June 8 (Bloomberg) -- Even as rivals Mercedes-Benz and Bayerische Motoren Werke AG spent more than a decade expanding production overseas, Audi has clung steadfastly to its flagship factories in Germany. That’s about to change.
The Volkswagen AG unit is planning to add new plants at an unprecedented pace to chase luxury auto leader BMW. Until three years ago Audi produced 75 percent of its vehicles in the German cities of Ingolstadt and Neckarsulm, focusing largely on increasing quality and expanding its model lineup.
By 2017, the share of the German plants is projected to fall to 45 percent as annual production doubles to 1.9 million vehicles, much of it at new plants in China and Mexico and an expanded facility in Hungary.
“We’ve reached the limits of our capacity,” Frank Dreves, Audi’s production chief, said during a four-hour tour of the Ingolstadt factory, where he likes to pop in unannounced to chat with line workers. “We need to expand.”
The plan will test Audi’s ability to integrate new personnel and suppliers while maintaining standards. After largely closing the gap with BMW in terms of quality and reputation, a slipup could endanger its target of boosting sales 54 percent to 2 million vehicles by 2020.
“Audi doesn’t have any more low-hanging fruit,” said Christoph Stuermer, an analyst with IHS Automotive in Frankfurt. “The complexity of the production system is increasing quite a lot. They need to keep that under control. Their growth path is at stake.”
Audi plays a key role in Volkswagen’s goal of overtaking General Motors Co. as the world’s largest automaker because its margins generate cash to fuel investment. The unit accounted for 44 percent of VW’s first-quarter operating profit even though it delivered just 15 percent of the group’s vehicles.
The brand received special attention in a management reorganization unveiled last week. Wolfgang Duerheimer, head of the ultra-luxury Bentley nameplate and a former Porsche engineer, will transfer to Audi to oversee development. Luca de Meo, until now VW’s marketing chief, was appointed to lead sales. IHS’s Stuermer described the two executives as “stars.”
Audi has grown over the past few years by adding new models such as the A1 subcompact, the A7 four-door luxury coupe and the Q5 sport-utility vehicle to compete with BMW and Mercedes. That growth was supported by using spare capacity at a former VW facility in Belgium and a factory owned by Spanish unit SEAT.

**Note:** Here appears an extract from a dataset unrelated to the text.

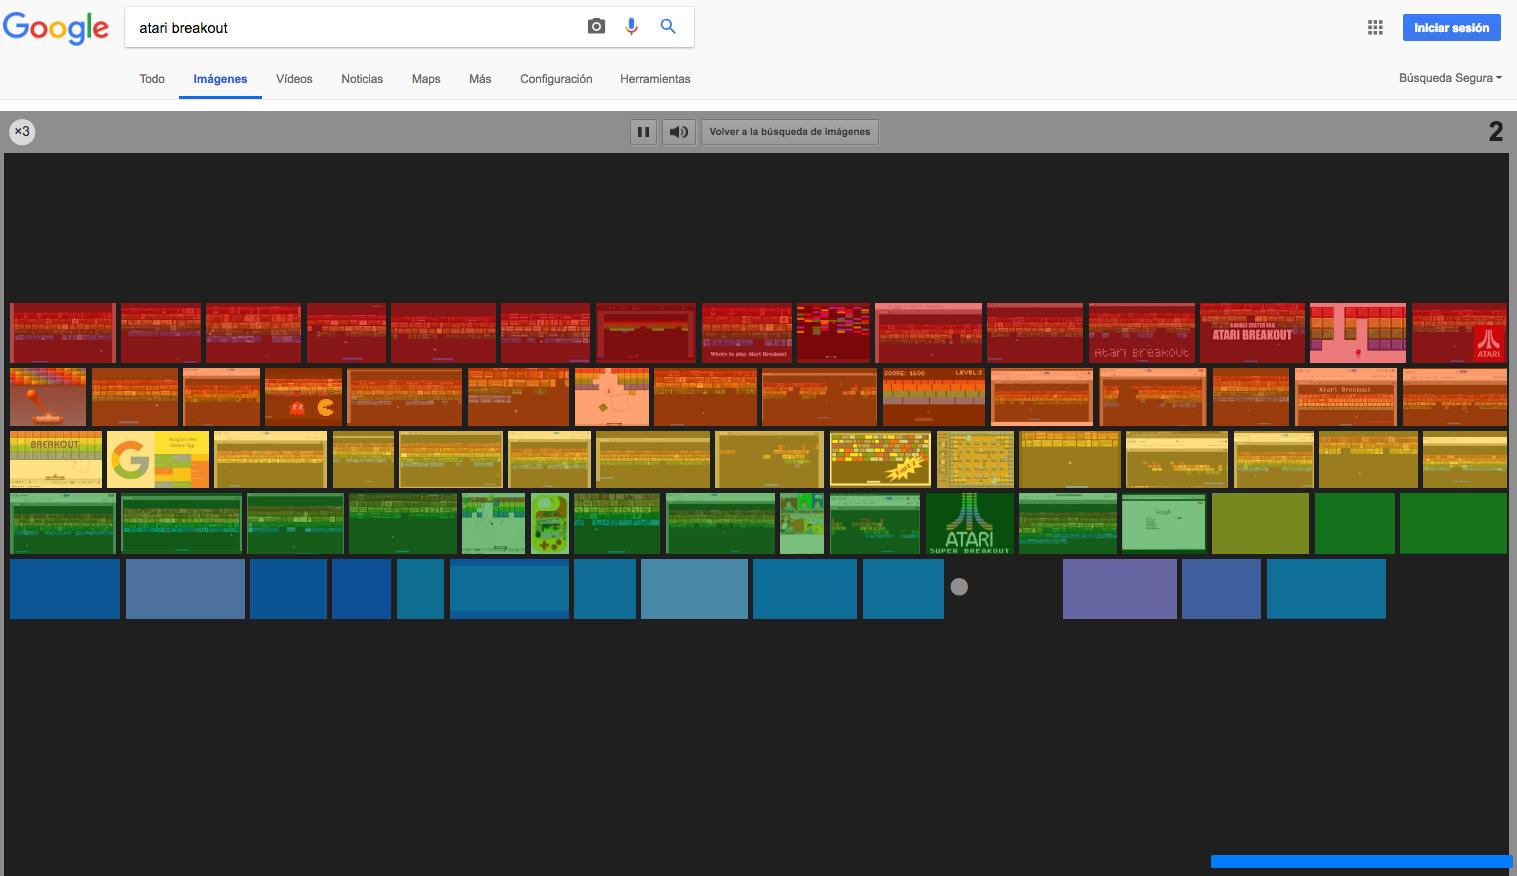 Atari Breakout Google Imagenes

While Audi’s lineup is now competitive with rivals, BMW and Daimler AG's Mercedes long ago added factories in South Africa, the U.S. and China, giving them a bigger global footprint.
A 900 million-euro expansion of Audi’s plant in Gyor, Hungary, will boost capacity to 125,000 cars from 2013, triple last year’s output. Next year will also mark the start of production of a variant of the A3 compact at a new factory in Foshan, China, part of VW’s joint venture with China FAW Group Corp. The plant, Audi’s second in China, will boost Audi’s annual capacity there by 40 percent to 700,000 vehicles.
Audi’s most ambitious project is an all-new facility in Mexico to produce about 150,000 Q5 SUVs a year. The project, due to start production in 2016, underscores Audi’s bid to catch up in the U.S., where sales are about half the level of BMW and Mercedes.
“The risk potential of a green-field factory is bigger because it’s all in your hands,” said Stefan Bratzel, director of the Center of Automotive Management at the University of Applied Sciences in Bergisch Gladbach, Germany. “Audi’s shifting from the hunter phase and has to consolidate what they have without losing sight of growth.”
Audi reckons it can handle the task. In a virtual reality “cave” in Ingolstadt, engineers simulate the entire assembly of a new model months before production starts in order to fine tune the process.
For the next-generation A3, which starts deliveries this summer, Audi identified a welding point that could have collided with a bracket used for mounting the front end. The discovery resulted in a redesign before production started, saving costs and improving quality. Such tools will help Audi as it expands, said Dreves.
“The biggest challenge is to handle the growing complexity that our customers demand while increasing volumes and maintaining quality,” said Dreves.
He doesn’t ignore details in his bid to improve Audi’s operations. To reduce time spent cleaning up scuff marks from transport carts, Dreves ordered white wheels. And to avoid smears from fingers and shoes, doors were covered with metal sheets.
“We train our workers to think of every car they assemble as their own,” said Dreves. “There’s nothing more important than quality. Short term success is nice, but I’d rather be part of a long-term success.”